2. Pur nell’incertezza del petitum delle ordinanze (punto 4.1. del diritto), la Corte ha ritenuto di “ritagliare” la questione nel senso di una richiesta del rimettente di una pronuncia di illegittimità costituzionale delle norme di legge citate per mancanza di copertura degli oneri ulteriori derivanti dall’estensione del beneficio (la Carta docente) anche al personale non docente, tenuto conto del citato pronunciamento nomofilattico della Cassazione (di qui il richiamo agli artt. 81, co. 1 e 3, Cost.).

3. Di qui l’agevole conclusione di non fondatezza della questione in quanto detto onere non discende dalla legge n. 107, di cui il giudice deve fare applicazione, ma da provvedimenti di organo giurisdizionale[2].
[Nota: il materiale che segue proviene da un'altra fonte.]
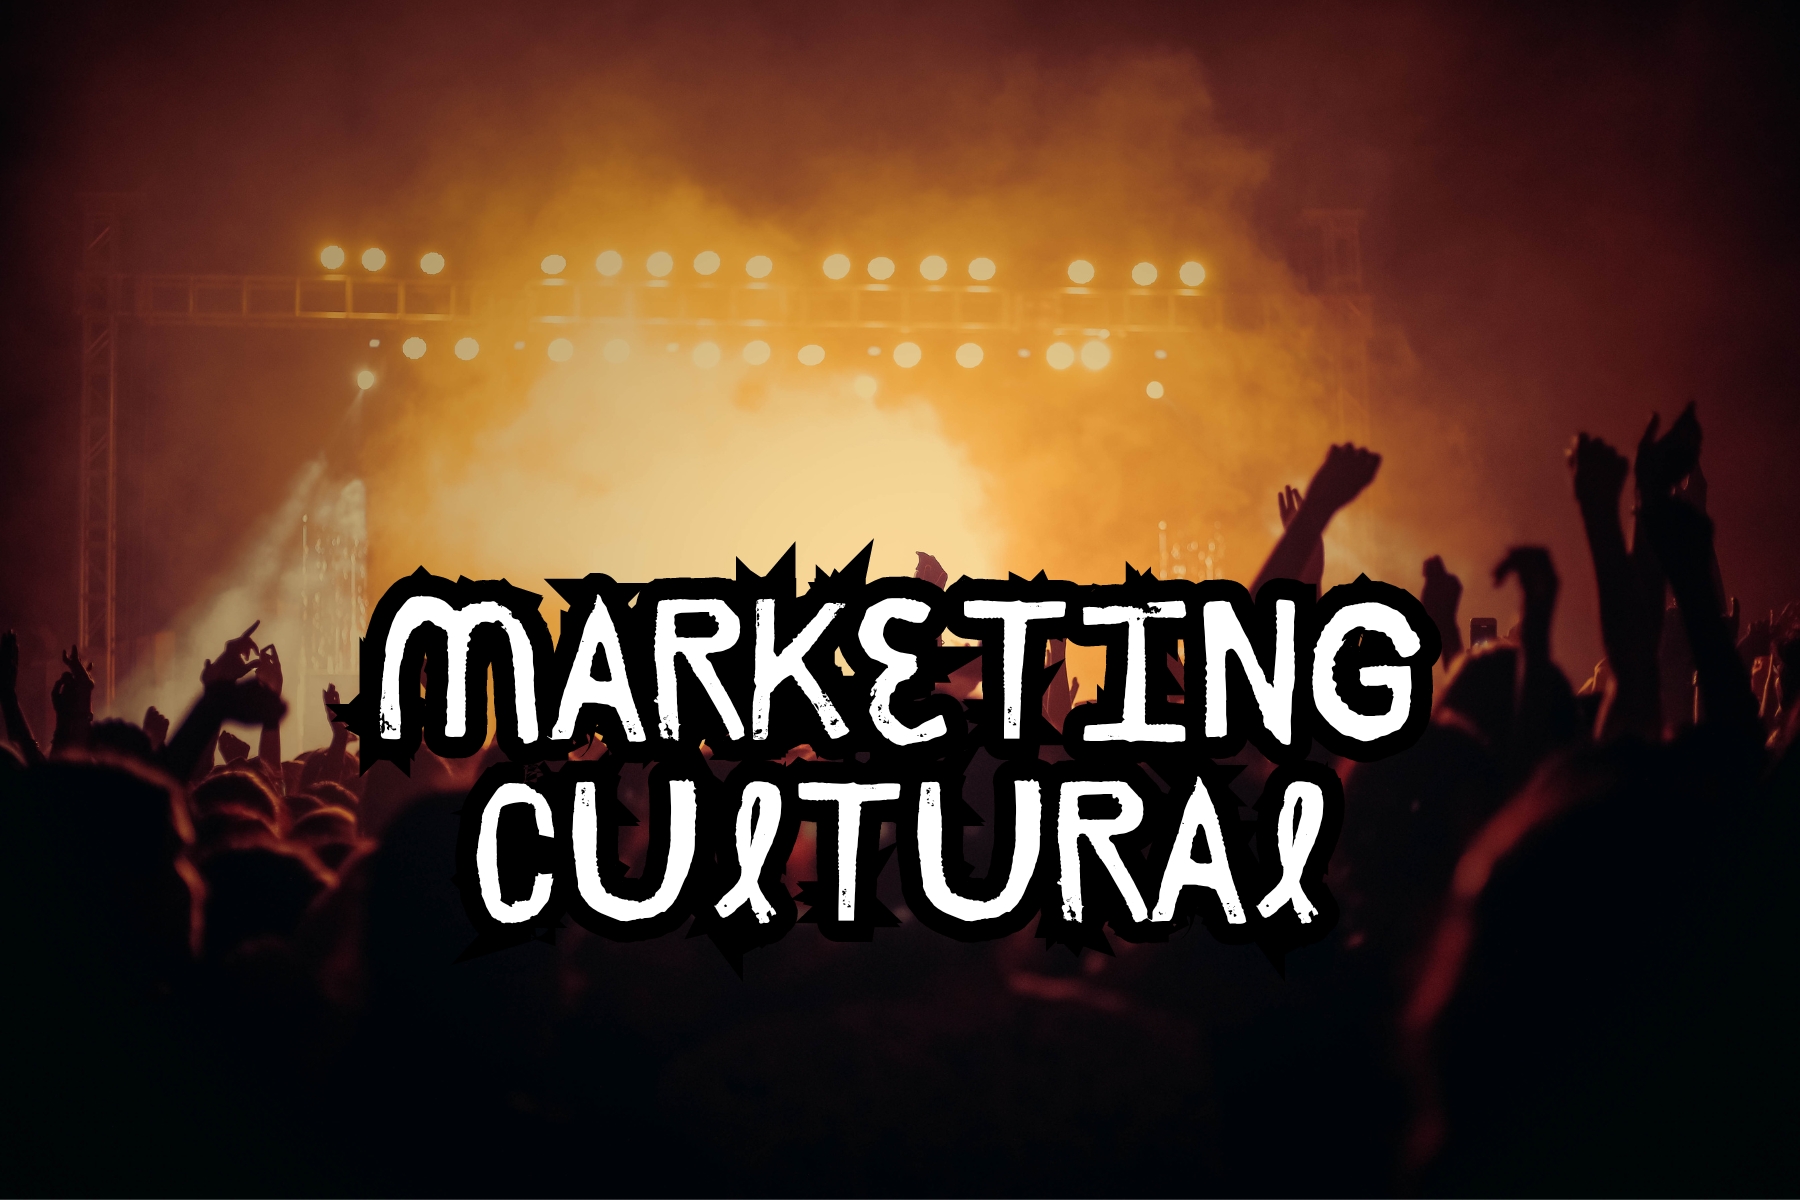 Descubra o que é marketing cultural, sua importância e como aplicá-lo para criar conexões autênticas com seu público.

4. Tenuto conto della confusa prospettazione del rimettente (pur evidenziata al punto 4.1 del diritto), la Corte non ha però omesso di considerare il richiamo operato nelle ordinanze di rimessione al vincolante effetto derivante dall’ordinanza della Corte di giustizia dell’Unione europea del 18 maggio 2022[3] (in tema di Carta elettronica per l'aggiornamento e la formazione del docente di ruolo), secondo cui detto beneficio è da ritenere estensibile anche al personale docente non di ruolo (punto 6.2. del diritto).
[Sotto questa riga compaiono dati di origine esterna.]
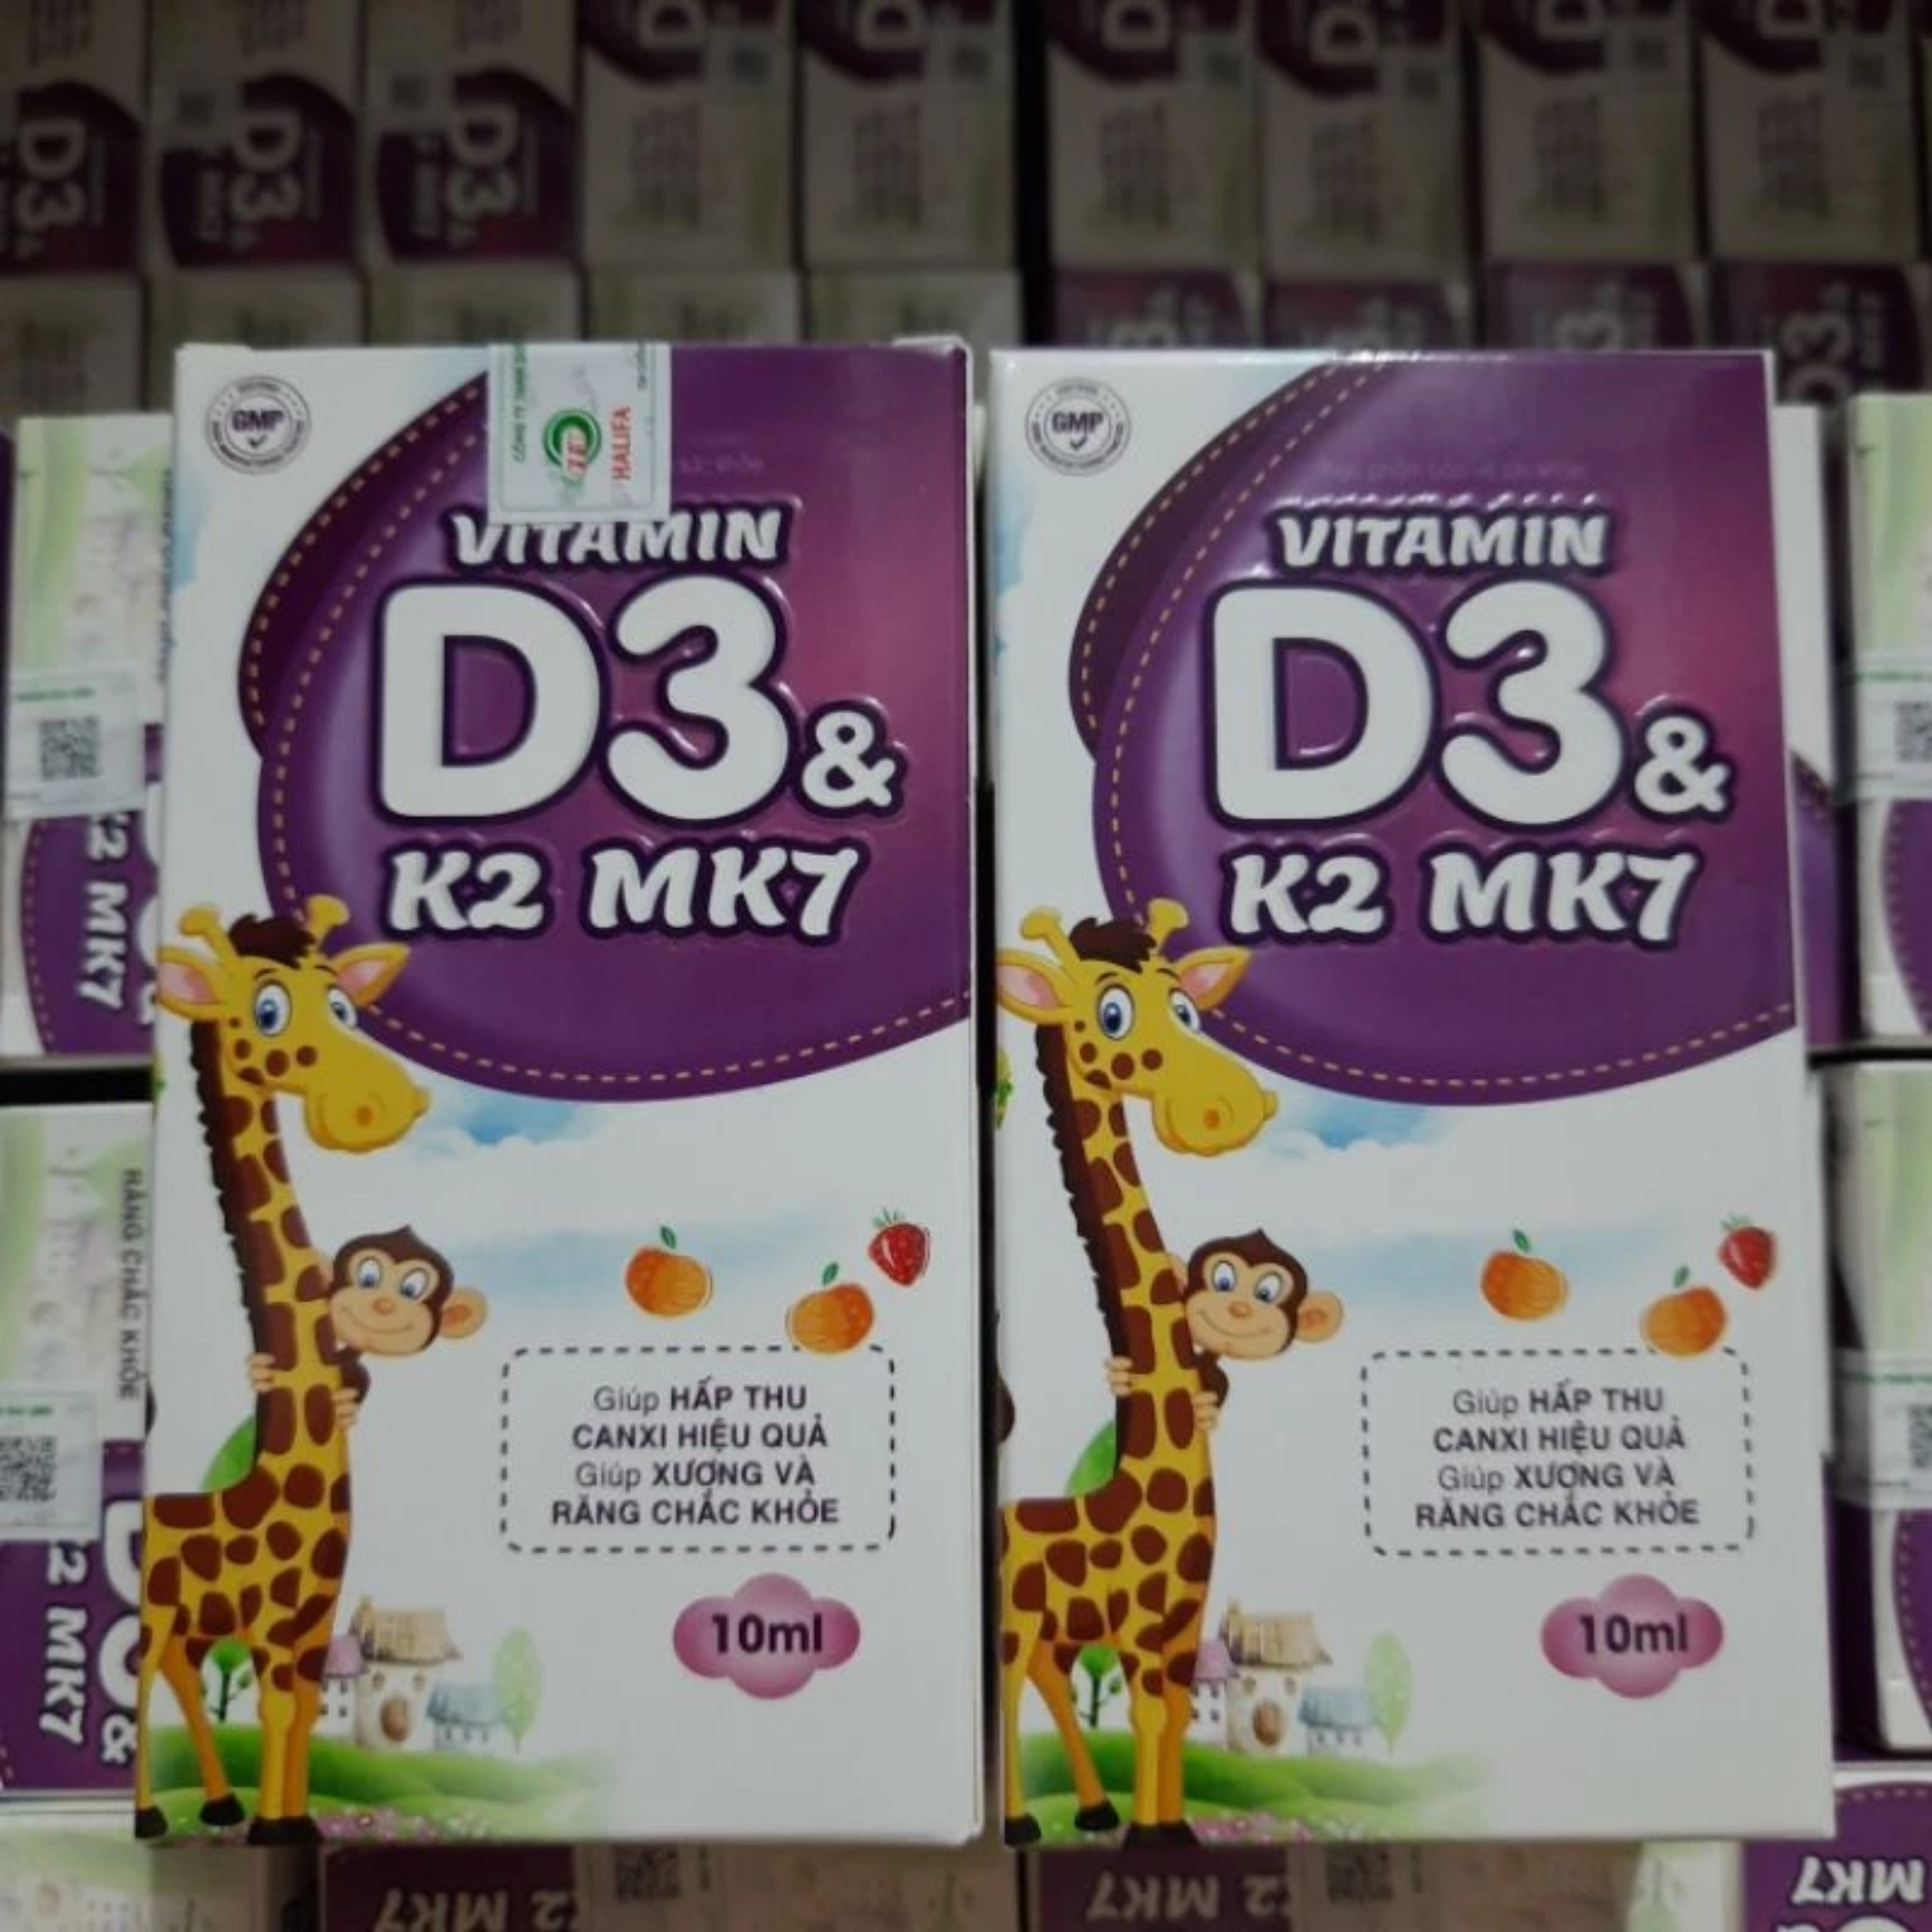 vitamin d3 k2 mk7 nhỏ giọt hỗ trợ tăng cường hấp thu canxi,giúp xương răng chắc khỏe

5. A tale riguardo, la Corte, nell’escludere vizi dell’art. 1 della legge n. 107, ha tuttavia ricordato che le sentenze “che costano” degli organi giurisdizionali (nella specie, quelle derivanti dalle sentenze del giudice del lavoro emesse in esito all’intervento nomofilattico della Cassazione, sent. n. 29961/2023), quanto alla copertura, trovano disciplina nell’art. 17, co. 13, l. n. 196/2009, mentre quelle della Corte di giustizia (nella specie, quelli derivanti dalla citata del 18 maggio 2022), trovano disciplina nell’art. 37, l. n. 234 del 2012, per le pronunce aventi portata erga omnes, quali le sentenze della Corte di giustizia, e nell’art. 14, co. 1, l. n. 669/1996[4]
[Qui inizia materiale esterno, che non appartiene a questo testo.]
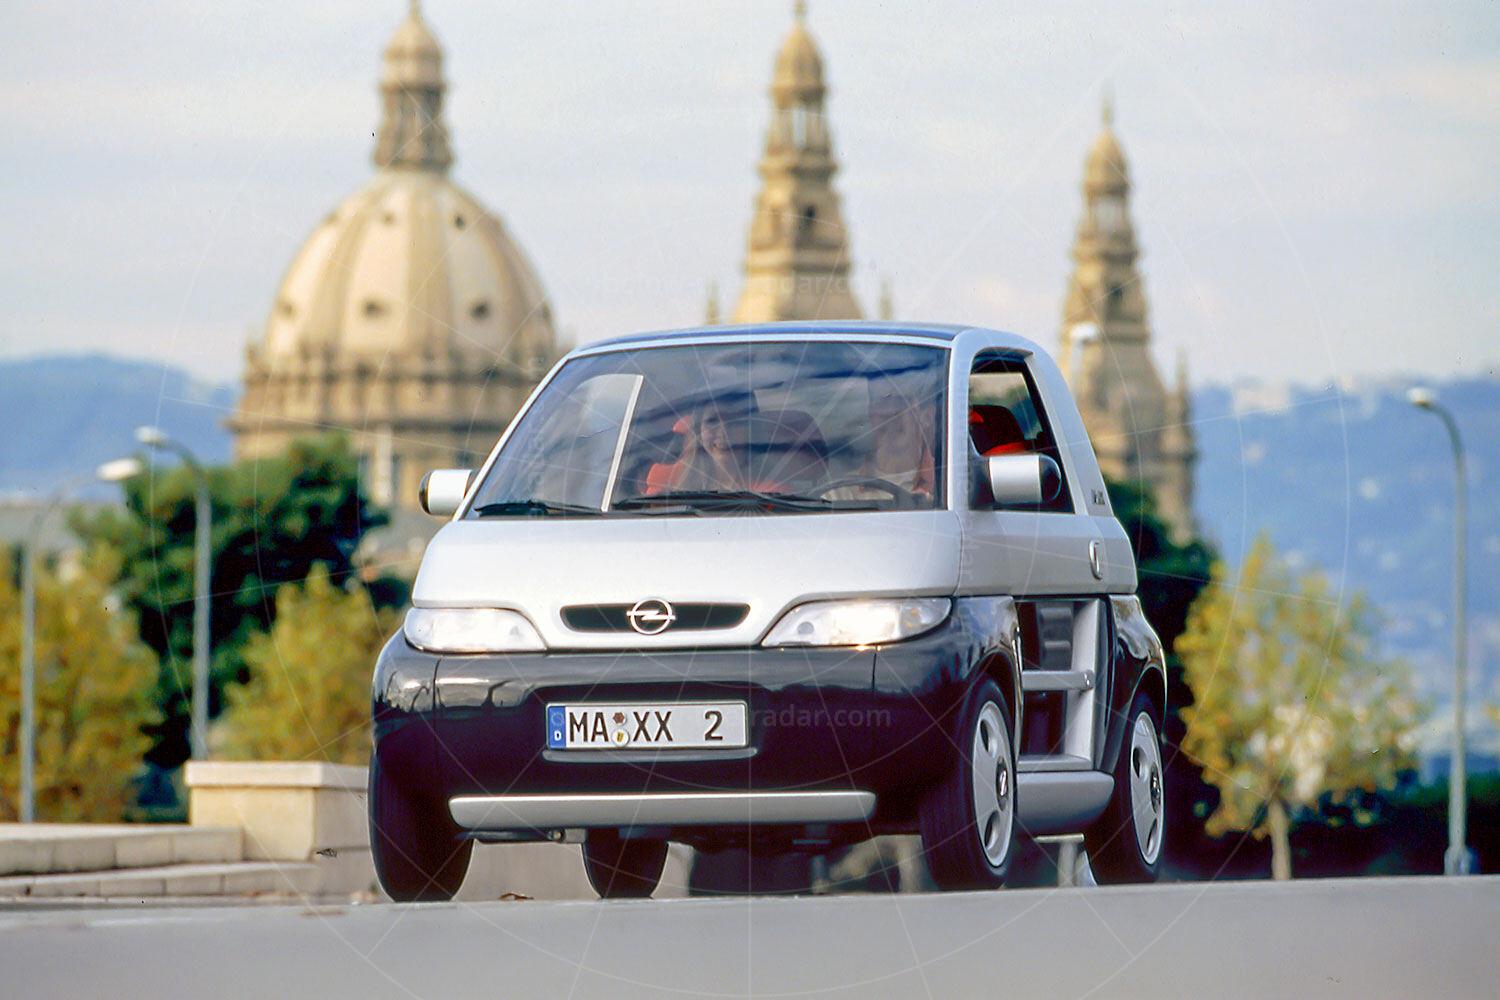 Opel Maxx two-door Pic: GM | Opel Maxx two-door

Con riferimento agli oneri derivanti da “giudicato comunitario”, la Corte nel fare richiamo alle “procedure” di copertura degli oneri, anche in considerazione del petitum in relazione al quale ha ritenuto di esprimersi, non ha inteso indagare se quelle procedure fossero state attivate e con quali esiti, tenuto conto, dell’indubbia sussistenza di nuovi oneri derivanti da detto giudicato comunitario (quelli derivanti dall’estensione del beneficio della Carta elettronica a docenti non di ruolo); né vi è cenno, nella pronuncia, all’eventuale già sussistente “neutralizzazione” di quegli oneri che discendono dalla pronuncia della Cassazione in quanto (in ipotesi) sovrapponibili o meno a quelli da “giudicato comunitario”, che, in tesi, avrebbero dovuto trovare copertura nell’ordinamento nazionale sulla base della richiamata disposizione di cui agli artt. 37 della legge n. 234 del 2012; più enigmatico è il richiamo, operato dalla Corte all’art. 14 della legge n. 669 del 1996[5].

5. Rimane sullo sfondo una più rilevante questione, e cioè la tendenza dell’introduzione di nuovi oneri a “componente giudiziaria”, segnatamente, stante la portata erga omnes delle stesse, quelli previsti da sentenze della Corte costituzionale ma anche della Corte di giustizia (le cd. sentenze “che costano”), in considerazione della diretta efficacia nel nostro ordinamento delle statuizioni della Corte UE[6]. Pronunce queste ultime per le quali andrebbe anche chiarito se, come per le sentenze additive della Corte costituzionale (o comunque creative di nuovi oneri finanziari), gli effetti onerosi dalle stesse prodotti spieghino o meno analoghi effetti “retroattivi”.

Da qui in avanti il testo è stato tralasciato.